> [WHAT IS BEING ASKED]: Output, exactly as written, the lines below starting at the line containing "Aloe Soothing Essence" and ending at the line containing "Cows Not Today". Drop the pictures and keep both end lines.

> [MATERIAL TO PROCESS]:
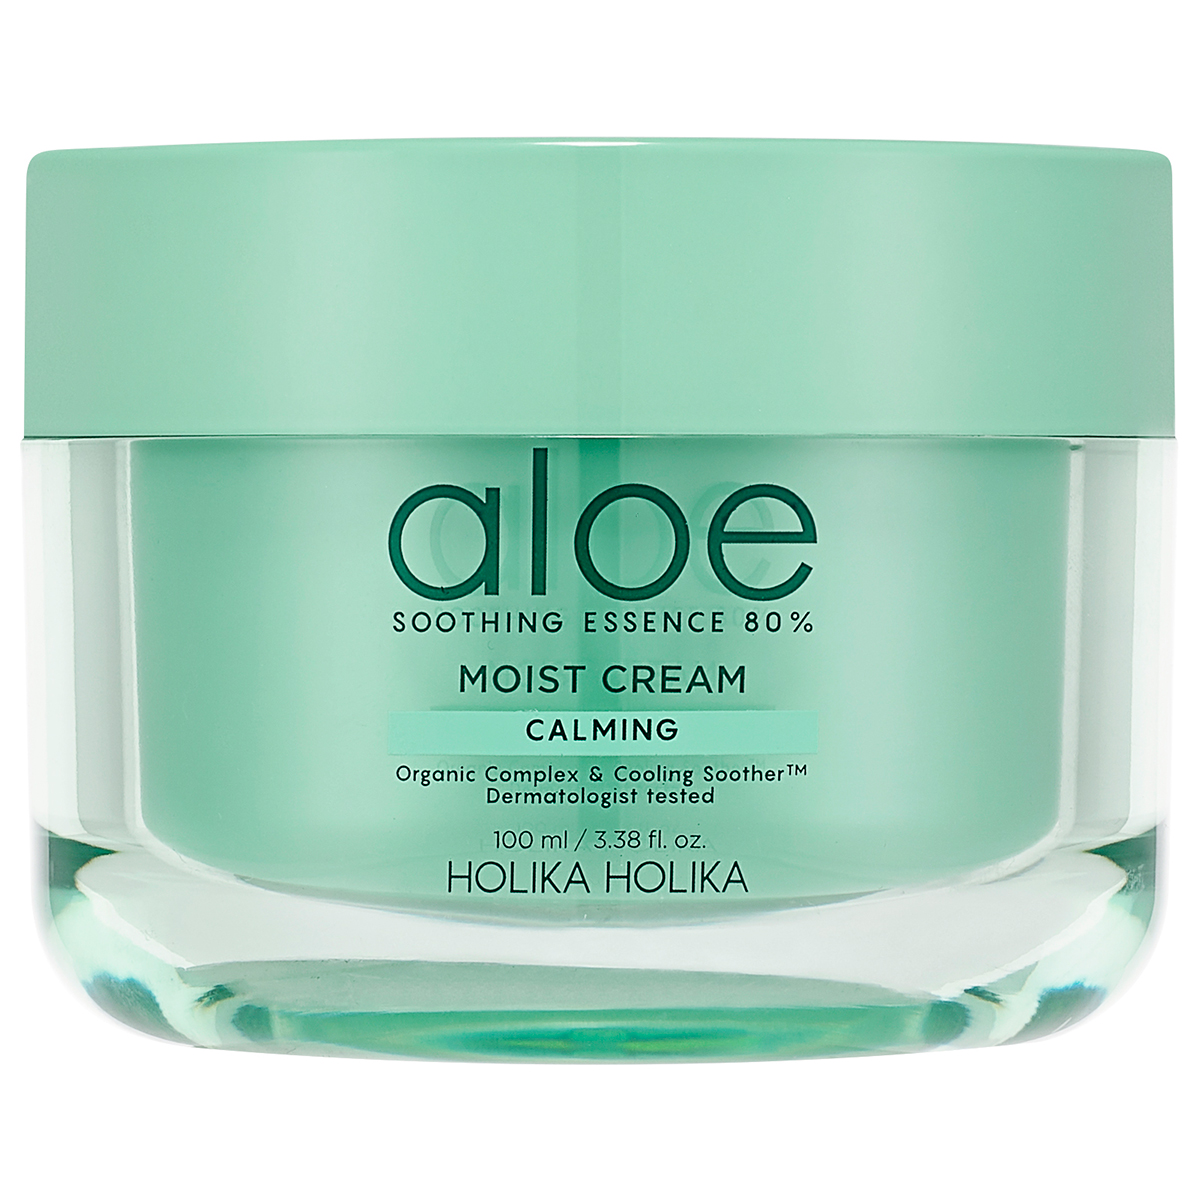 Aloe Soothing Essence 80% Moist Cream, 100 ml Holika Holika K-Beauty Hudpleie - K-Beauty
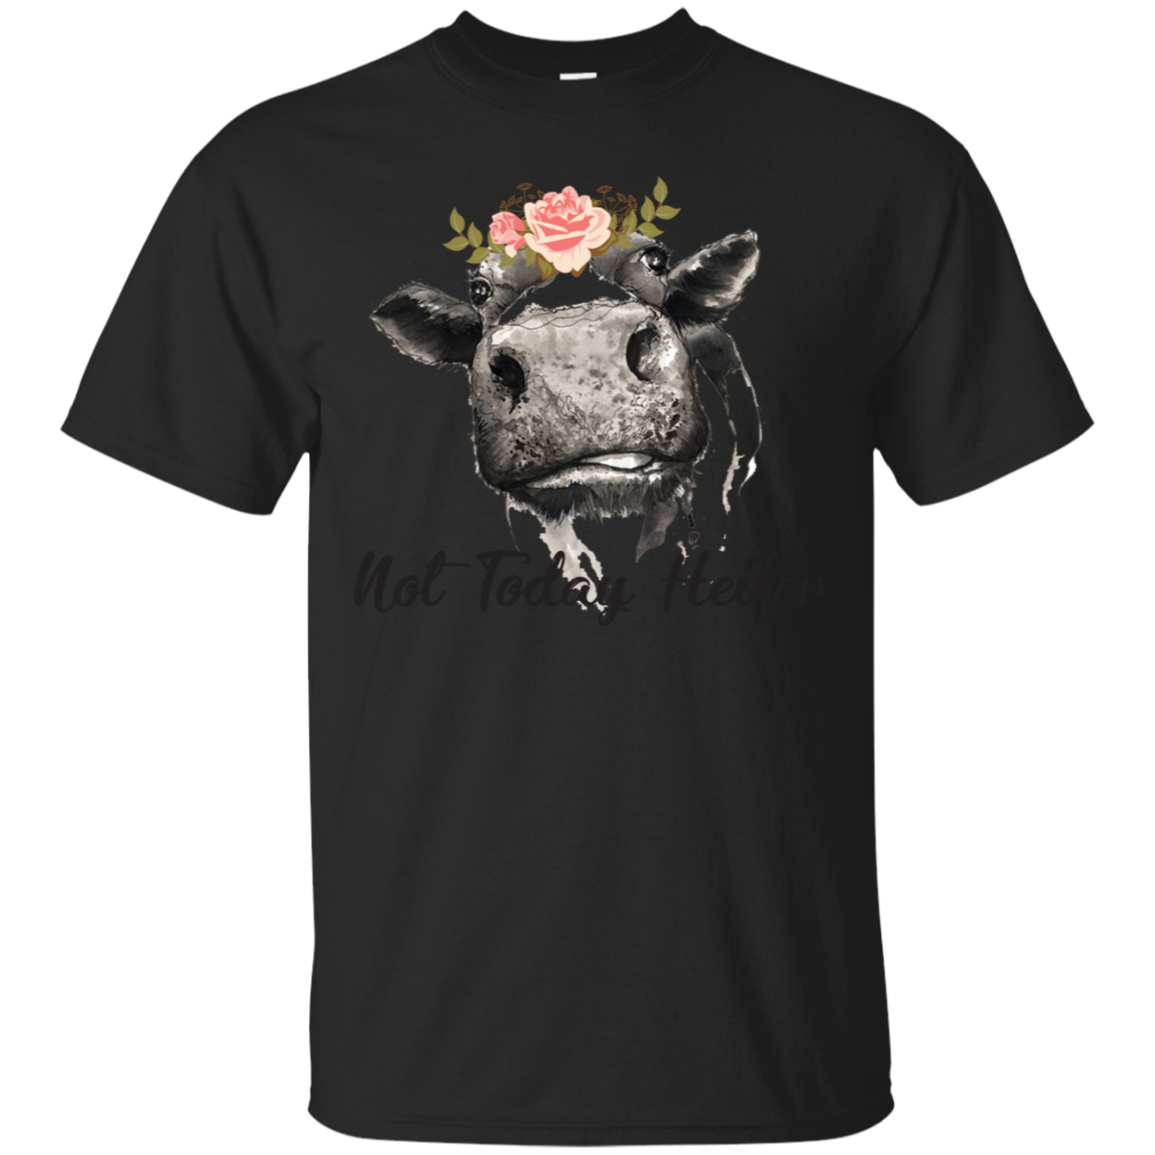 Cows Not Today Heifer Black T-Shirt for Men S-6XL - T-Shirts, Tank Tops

---

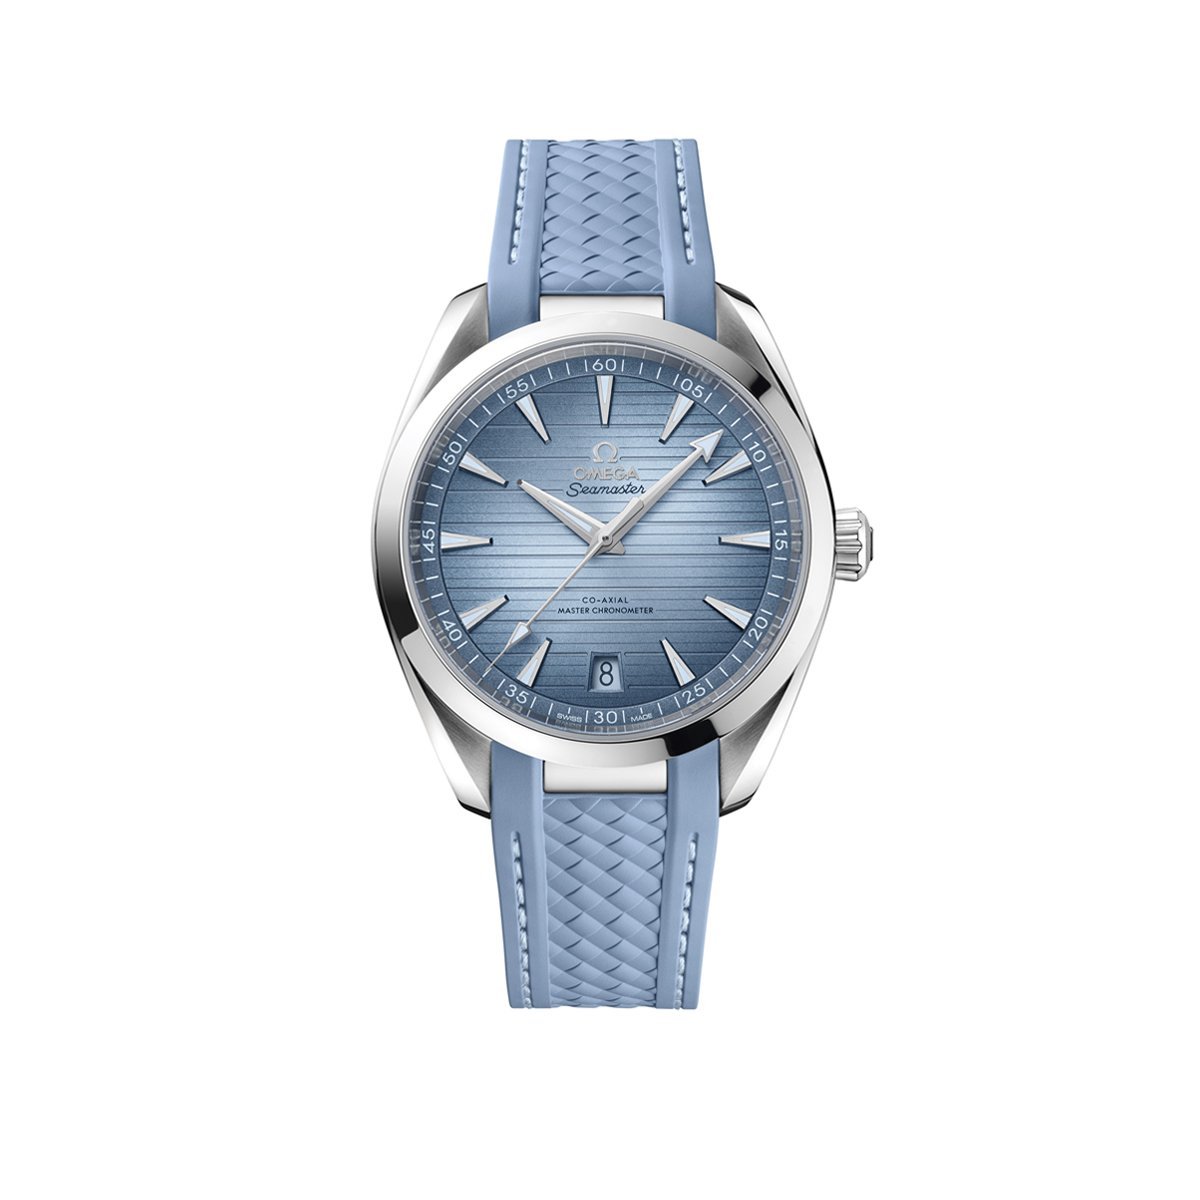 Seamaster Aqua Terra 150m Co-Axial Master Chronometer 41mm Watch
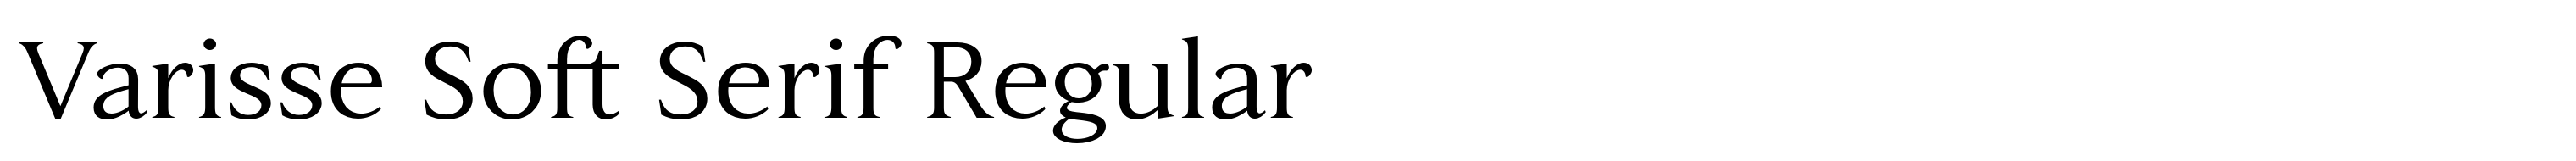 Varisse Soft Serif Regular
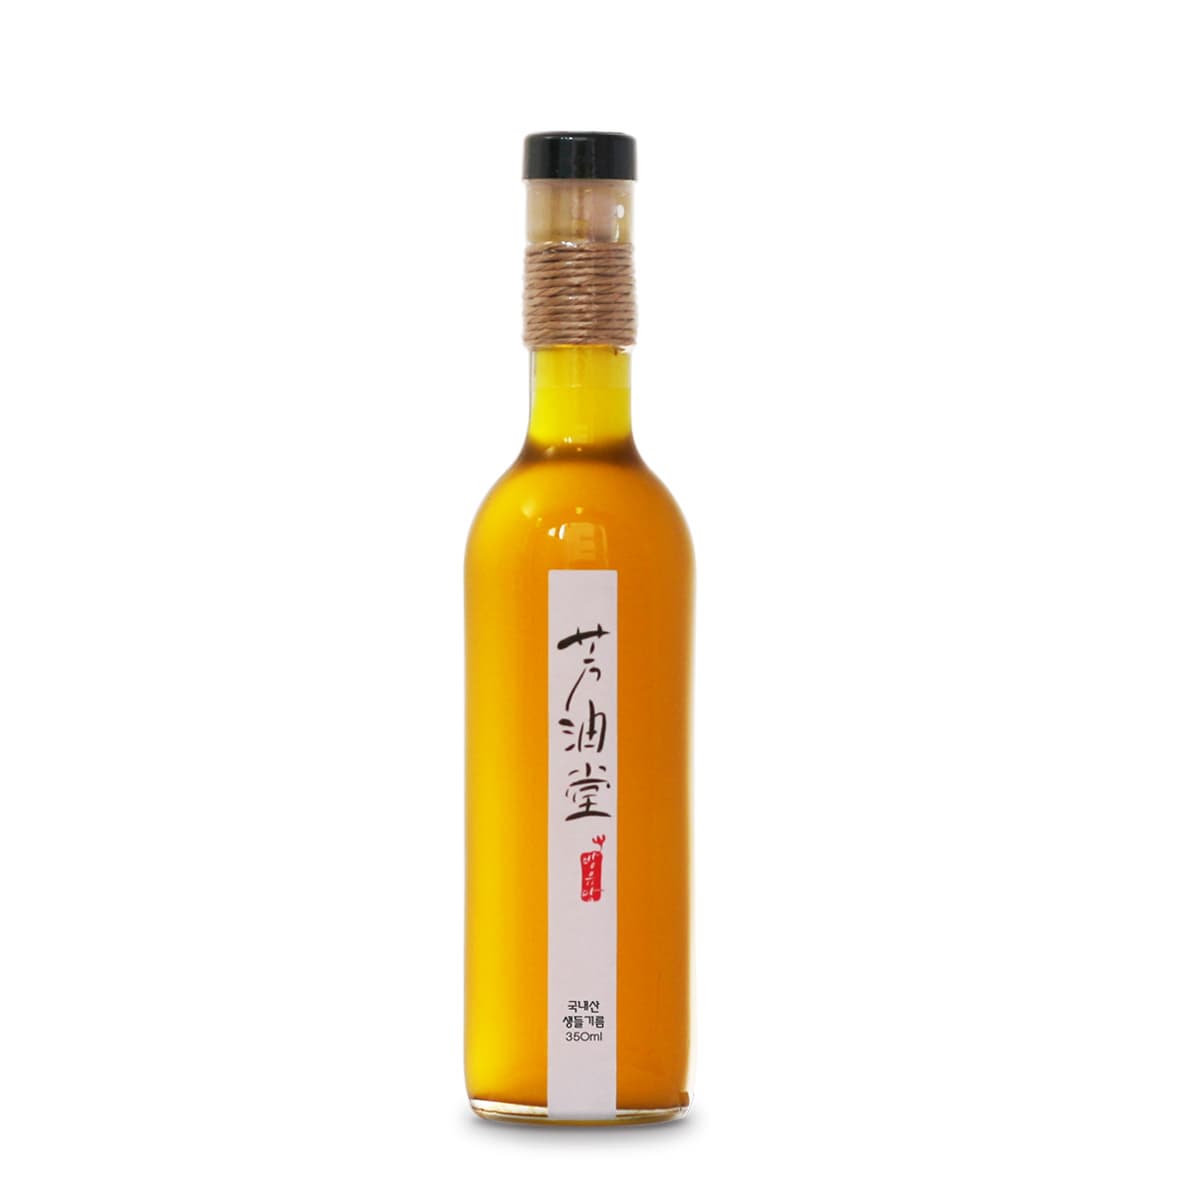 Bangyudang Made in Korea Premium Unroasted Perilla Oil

...

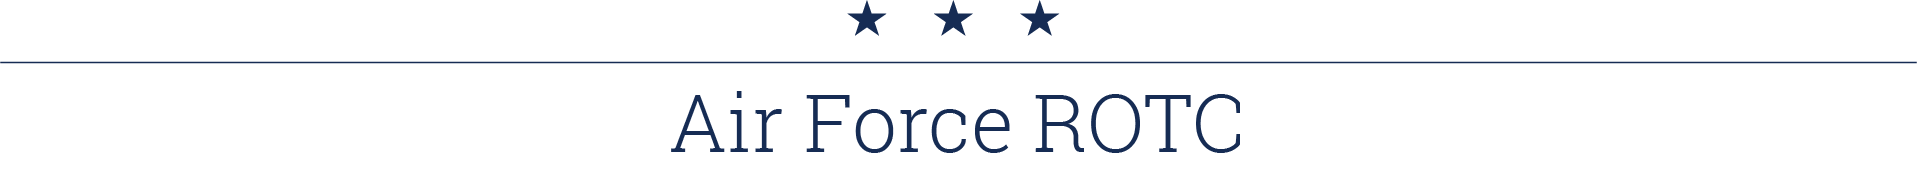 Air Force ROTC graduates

> [RESPONSE]:
 Aloe Soothing Essence 80% Moist Cream, 100 ml Holika Holika K-Beauty Hudpleie - K-Beauty
 Cows Not Today Heifer Black T-Shirt for Men S-6XL - T-Shirts, Tank Tops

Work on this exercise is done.